I Have Been Kicked Off Of eBay Four Times

By

Commercial websites used to be a lot more chaotic and easy to manipulate than they are now. Back around, say, 2004, with people and businesses still figuring out the logistics of how to protect consumers from information theft and fraud, there were a lot of loopholes you could manipulate, particularly on a user-sourced site like eBay, if you were of that ilk.

Back then, I was of that ilk. I think it was specifically the web’s since-decreased anonymity that manifested that strain in me, as I’d never really been the shamming type before. The only thing I’ve ever stolen was a blue key from a hardware store when I was seven, and even then when I got caught, I began bawling. But in the more formative stages of eBay, ripping people off felt the same as pulling money out of air. The online victim had no face, no spirit. It was like a video game, which when you died, you could begin again.

My current eBay account is my fifth. Each of my first three were suspended, mostly from many small infractions over time. I don’t even think I meant to do it, at first — I’d post a listing for a comic book or some other collectible crap I’d had for years then, and because I’m lazy, never get around to actually putting the item in the mail. People would complain and leave me bad feedback, but if they paid by check or cash, a much more common practice before the rise of PayPal, there was mostly nothing they could do. eBay would only kick me off after my feedback rating got down into the 80th percentiles, which I could pad positively by buying things I wanted. Sometimes I’d even sell the same thing several times. When my account was canceled, I’d start a new one with new information. I became someone else.

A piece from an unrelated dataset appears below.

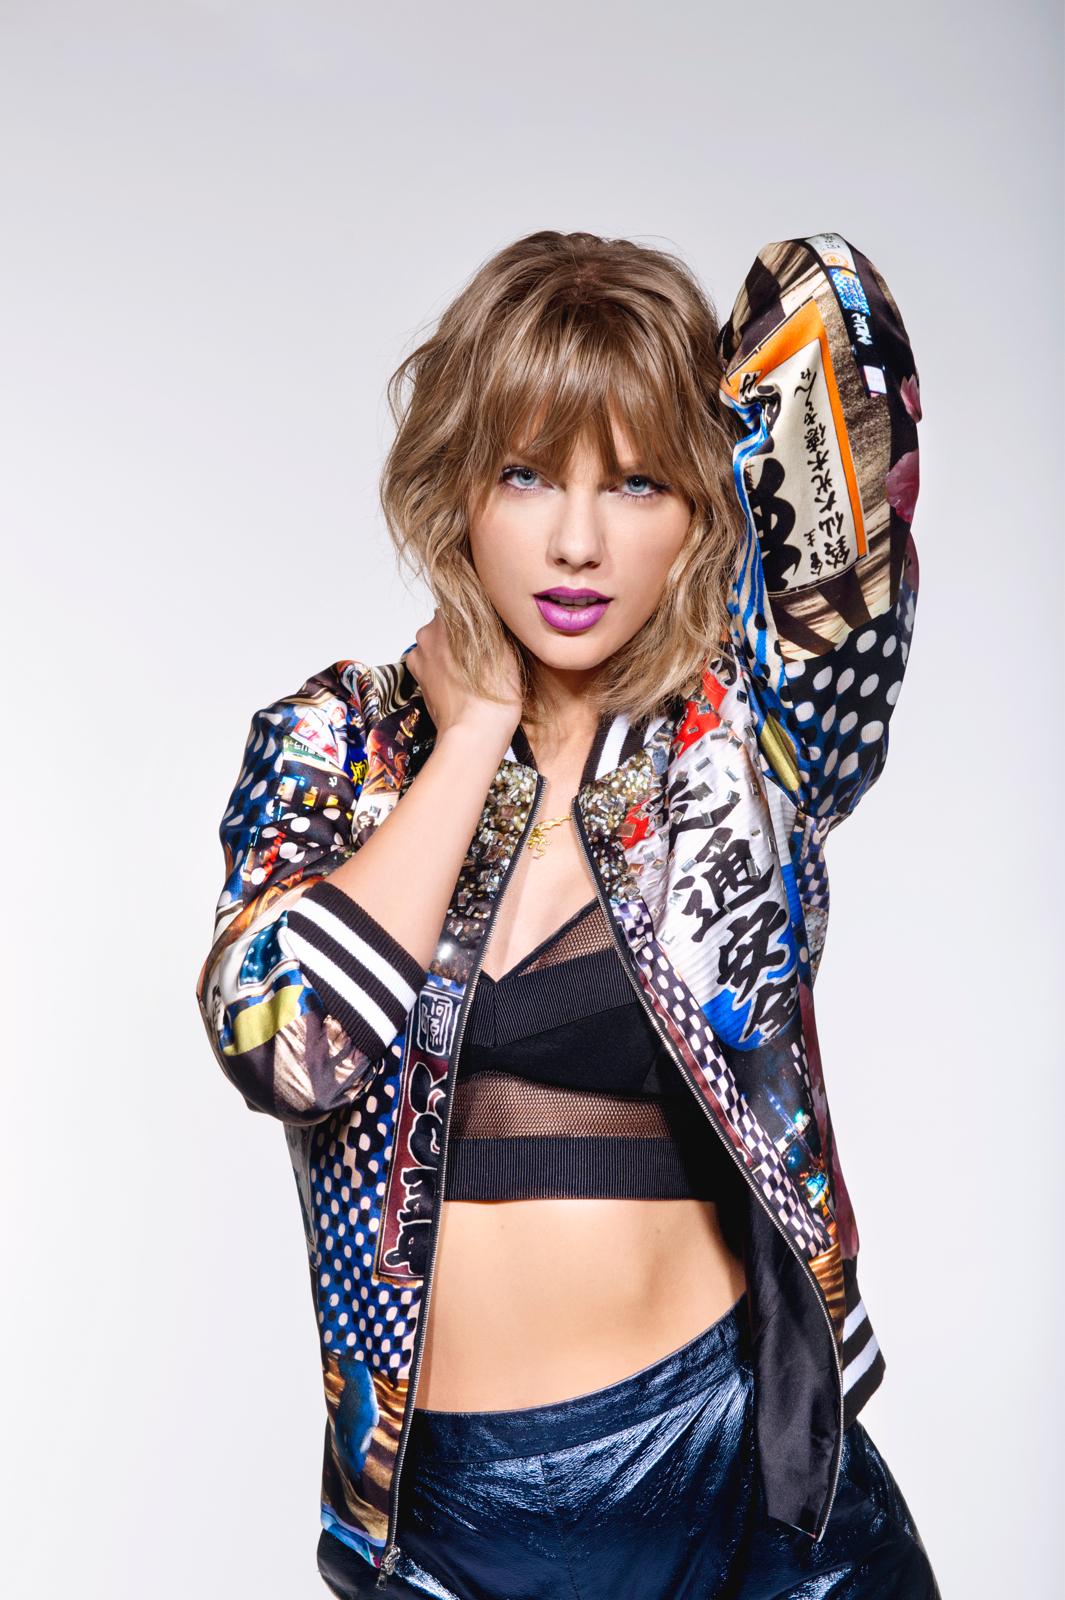 Es Taylor Swift la mujer mas hermosa del universo?

Besides simply not shipping items, I also found I could make money by creating false value with common objects. I tried a lot of things like this, including selling fake autographs and used underwear. This was even better than scamming because people actually got what they paid for and no one ever knew. The internet allowed me to manifest a false aura for an object, creating worth from none. Sometimes I feel I actually earned this money; in some ways it feels the same as writing fiction, or even essays.

This went on for a while until one day I took a picture of a common black Sharpie marker and said it had been used by Justin Timberlake. I wrote in the item description that I’d been at a grocery store in Florida, or wherever the internet said he was living at the time, and that I’d seen him sign an autograph for someone with the marker, then left it behind. I think I remember admitting that I didn’t care that much about Justin Timberlake and that’s why I was selling the marker instead of keeping it for myself. The logistics make no sense, clearly, but still somehow the item sold for $28. The person said they’d like to pay by check.

The next week when I received the payment, I found along with the payment they’d sent a note. “Thank you so much for offering such a wonderful item for sale,” the buyer wrote. “The pen is for my daughter. She has Down’s syndrome. She is the biggest NSYNC fan in the whole world, and she is constantly looking on Ebay for memorabilia. She has pretty much everything by now, so when she saw this really unique item she got really excited. It’s really going to make her day. Thank you!!”

Jesus christ. I tore the check up. I think I tore the letter up also, and to be honest I can’t remember if I even sent the pen. I’d like to say I did, but I think I may have felt so embarrassed that I didn’t even want to send my lie out in the mail. I know it would have made her happy, but I couldn’t stand to imagine her holding this stupid marker I’d made a mirage of. Somehow thinking of her honoring that myth seemed even worse, like psychic damage I was prodding awake in the world: some silent thing that lurked without a body but now somehow had rubbed up against mine. I never lied about what an object was again, and for the most part, that was the end of my eBay scam era.

My fourth account I straightened up and played good. I kept the account for four years and maintained a 100% positive rating over 400 transactions. I shipped everything I sold the very next day, and only sold things that were real. Over that period I got scammed a few times and pursued the scammers and always got my money back, perhaps unfairly righteous about the necessity of fair service in a market where so much is based on trust. Whatever, I grew up.

My most recently cancelled eBay account was a product wholly of boredom. One day, after likely hours bored of clicking around online in search of entertainment, I impulsively put up a listing for myself: a way to waste some time, something new to look at and follow, which seems so often the only thing from the internet we need.

I got bid up to $347.00 in about an hour before the ad was taken down. A bunch of people liked it on Facebook. So that had happened. Oh, what fun. Immediately thereafter, I received this email from Ebay:

Your eBay account is suspended for at least one year for violating our policy. We take several things into consideration before we suspend an account, including account history and any previous actions. Listings of humans, human bodies, or human body parts aren’t allowed on eBay. In addition, sales of Native American skulls, bones, and other Native American grave-related items are prohibited under the Native American Graves Protection and Repatriation Act and aren’t allowed on eBay.

Almost an hour on the phone with customer service explaining that this was a joke, a scam played on me, produced no effect. Of course, I was still able to immediately set up a new account, though this time I had to call myself a business and jump through hoops to prove it wasn’t just me again, the jerk, trying to wreak another strain of havoc on online commerce. So far, I have six positive ratings.